Hayat Tahrir al-Sham (HTS)-led Syrian security forces deployed to the city of Jaramana on the outskirts of Damascus late on 2 March to “end the state of chaos” in the area, according to state media.
“Our forces will work to end the state of chaos and illegal checkpoints set up by outlaw groups who have resorted to kidnapping, killing, and armed robbery,” Hussam Tahhan, the lieutenant colonel responsible for the Damascus countryside, told the Syrian state news agency SANA on 3 March. “This action follows the refusal of those involved in the assassination of the late Ahmad al-Khatib, a security member at the Ministry of Defense, to surrender themselves.”

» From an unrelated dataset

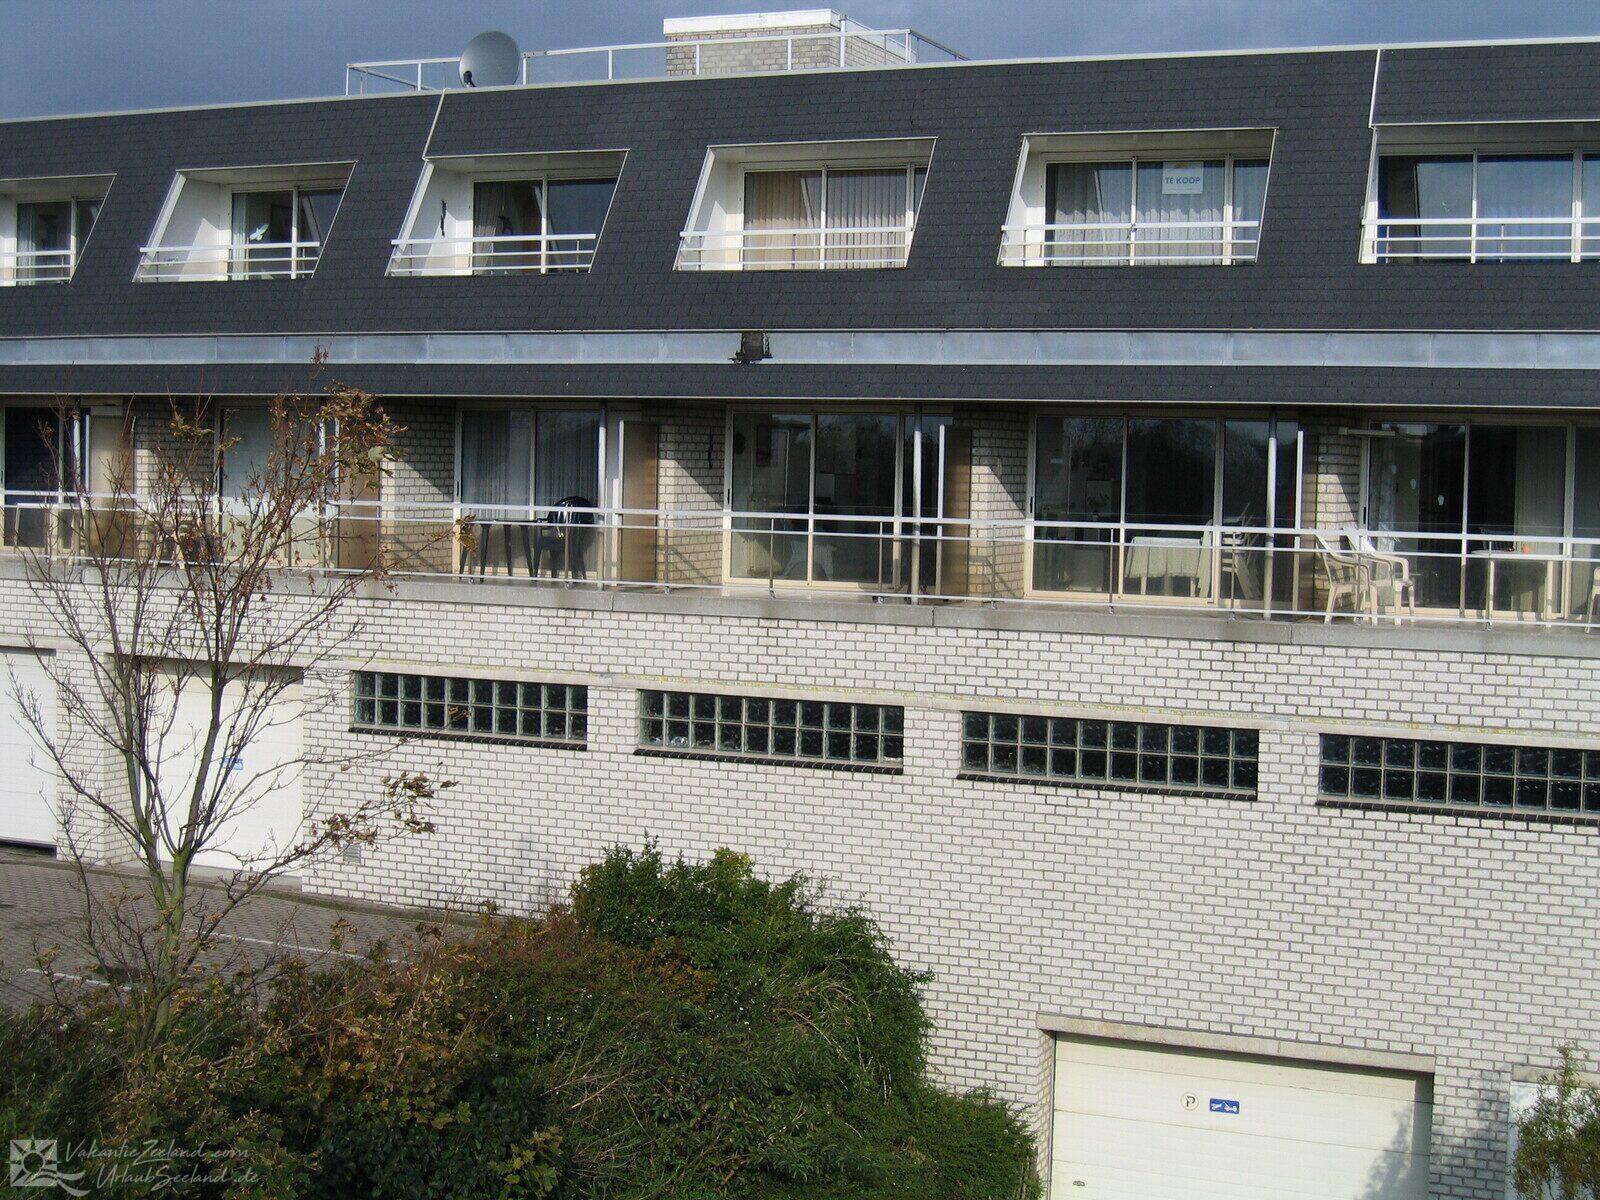 VZ334 Wohnung in Cadzand

“The armed individuals outside state authority rejected all mediations and agreements. No Syrian geographical area will remain outside the control of state institutions. We have witnessed significant cooperation from the residents of the city of Jaramana in this matter,” Tahhan added.
Jaramana, which is dominated by Syria's Druze religious minority, is home to some three million Syrians, including Christians and Sunni Muslims displaced from other parts of the country during the 14-year war that began in 2011.
Since HTS ousted Syrian president Bashar al-Assad and took power in Damascus in December, they have not been allowed to deploy their forces to Jaramana. The city has instead been protected by local Druze militias who operate checkpoints at its entrances.
Local sources told The Cradle on Monday that the Syrian security forces did not establish a heavy presence in Jaramana.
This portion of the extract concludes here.